# Anyrail



## bradimous1 (Mar 3, 2010)

so I just downloaded Anyrail and like the easy functionality of it... but it really isn't making much sense to me. I was just playing with it and tried a basic loop with a couple of turnouts, but cannot seem to get the track to connect. What am I doing wrong on this...


----------



## gunrunnerjohn (Nov 10, 2010)

Post the actual Anyrail file and I'll take a look in Anyrail, it's what I use.


----------



## NIMT (Jan 6, 2011)

Brad,
Turnout's do not have the same radius as a curved piece of track or the same run distance!
With the two turnout's in your circle you have changed the curve just enough that they will not connect using standard track sections!
You can do it, just use pieces of flex to pull it off!


----------



## bradimous1 (Mar 3, 2010)

NIMT said:


> Brad,
> Turnout's do not have the same radius as a curved piece of track or the same run distance!
> With the two turnout's in your circle you have changed the curve just enough that they will not connect using standard track sections!
> You can do it, just use pieces of flex to pull it off!
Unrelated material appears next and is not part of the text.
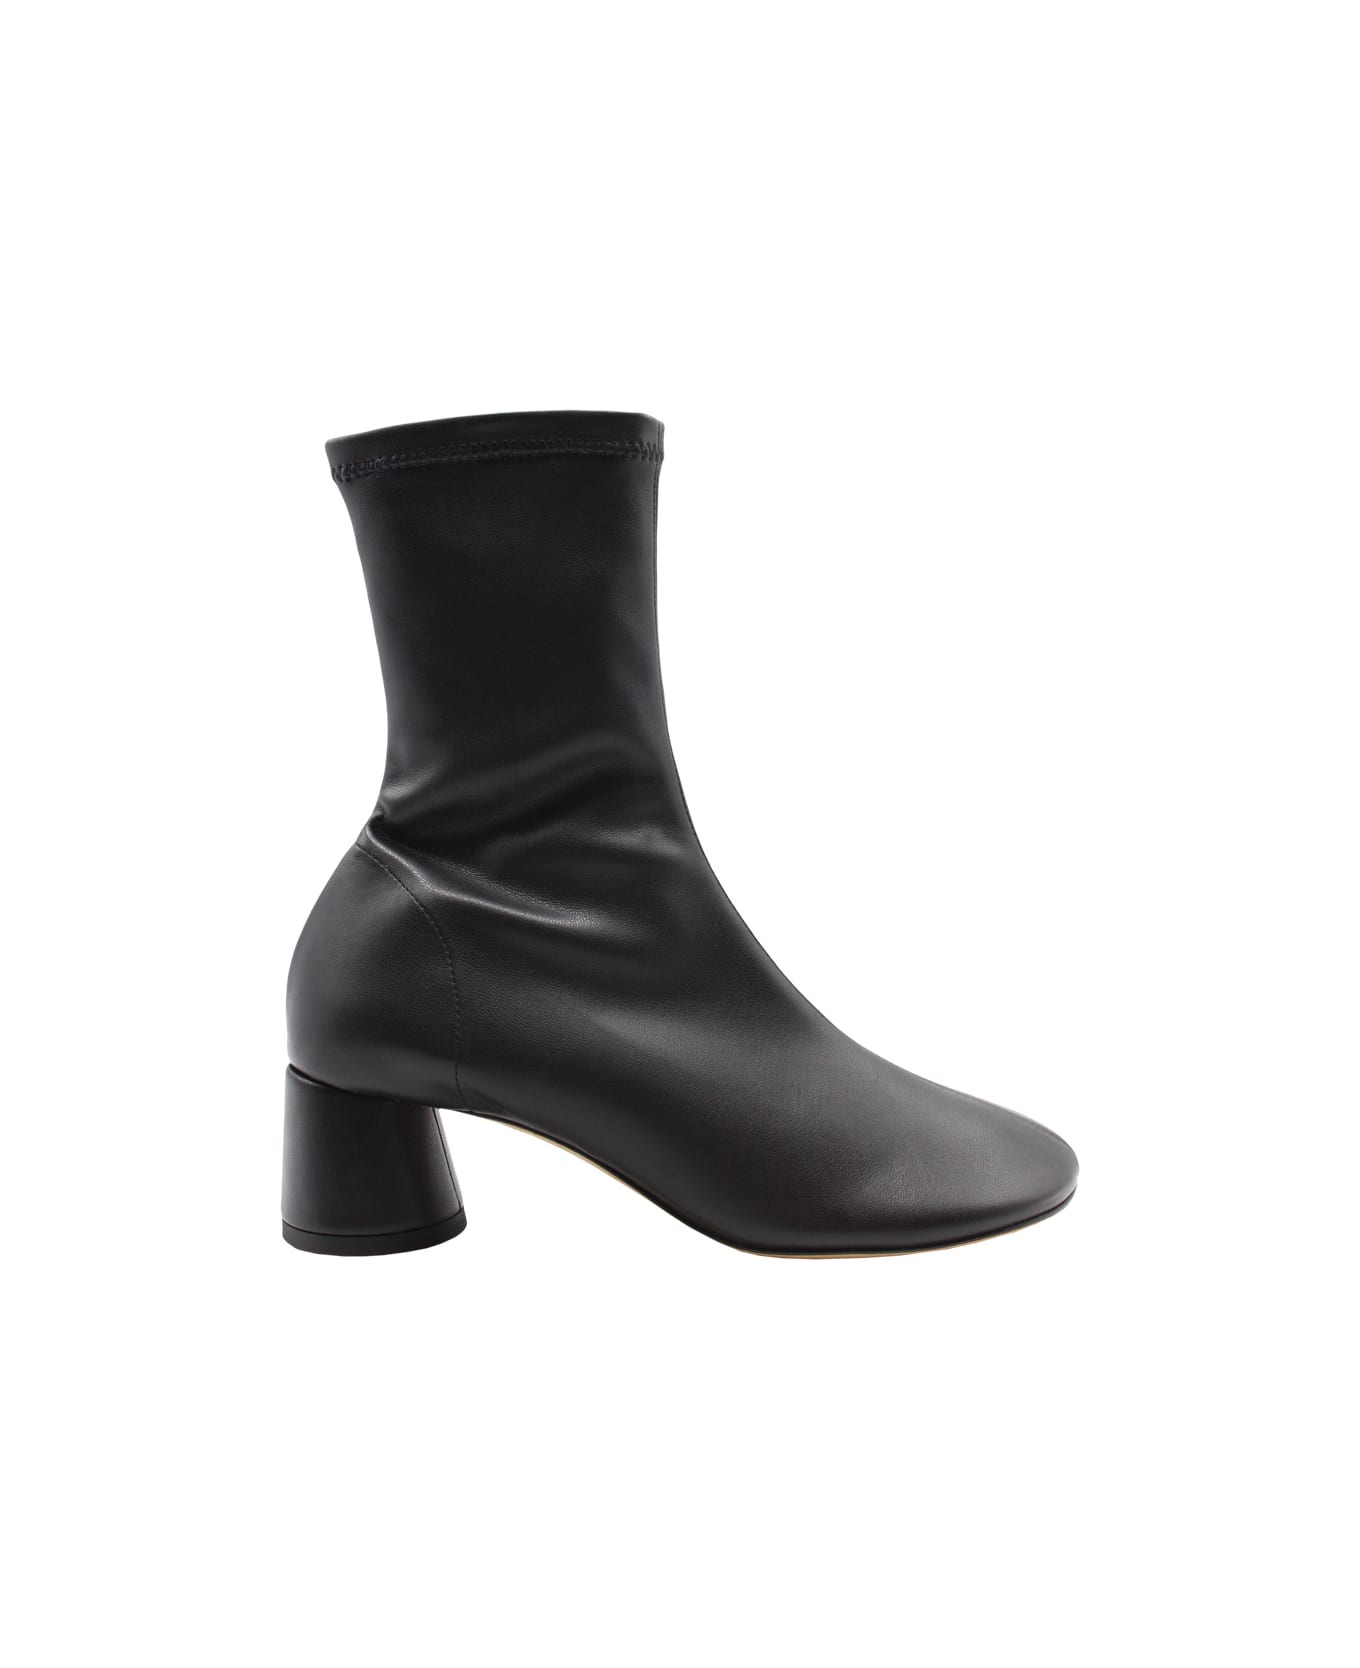 Proenza Schouler Glove Stretch Ankle Boots - Black ブーツ

as I was playing around with this, I assumed this... so what I did was try to make the pieces identical on both sides... 4 turnouts total, all in corresponding spots... unless my brain just isn't... wait a minutes... I may have just figured it out by speaking out loud. anyway, here is the anyrail file. thanks guys and I will update you if it is exactly what I think I did.


----------



## bradimous1 (Mar 3, 2010)

FYI... Atlas HO and all curves on this are 22 degrees


----------



## bradimous1 (Mar 3, 2010)

NIMT said:


> Brad,
> Turnout's do not have the same radius as a curved piece of track or the same run distance!
> With the two turnout's in your circle you have changed the curve just enough that they will not connect using standard track sections!
> You can do it, just use pieces of flex to pull it off!


not the most logical thinker, so I did this mathematically, as I think better that way... and it makes complete sense on what you are saying. hmmmmm, seems like they could have, should have, made things match up a little better when designing track. I think we should definitely start designing more user/design friendly track, including turnouts. it would be a goldmine... you could sell it to ME!!!


----------



## bradimous1 (Mar 3, 2010)

thanks guys, another question though, on the flex track... is there anyway to bend it or cut it in anyrail?... or just leave that space open knowing that is what you are going to put there.


----------



## gunrunnerjohn (Nov 10, 2010)

Looks like the other guys beat me to it. Interesting, since O-scale turnouts do indeed have the same radius and run distance as a piece of curved track, so that would have worked in O-scale.


----------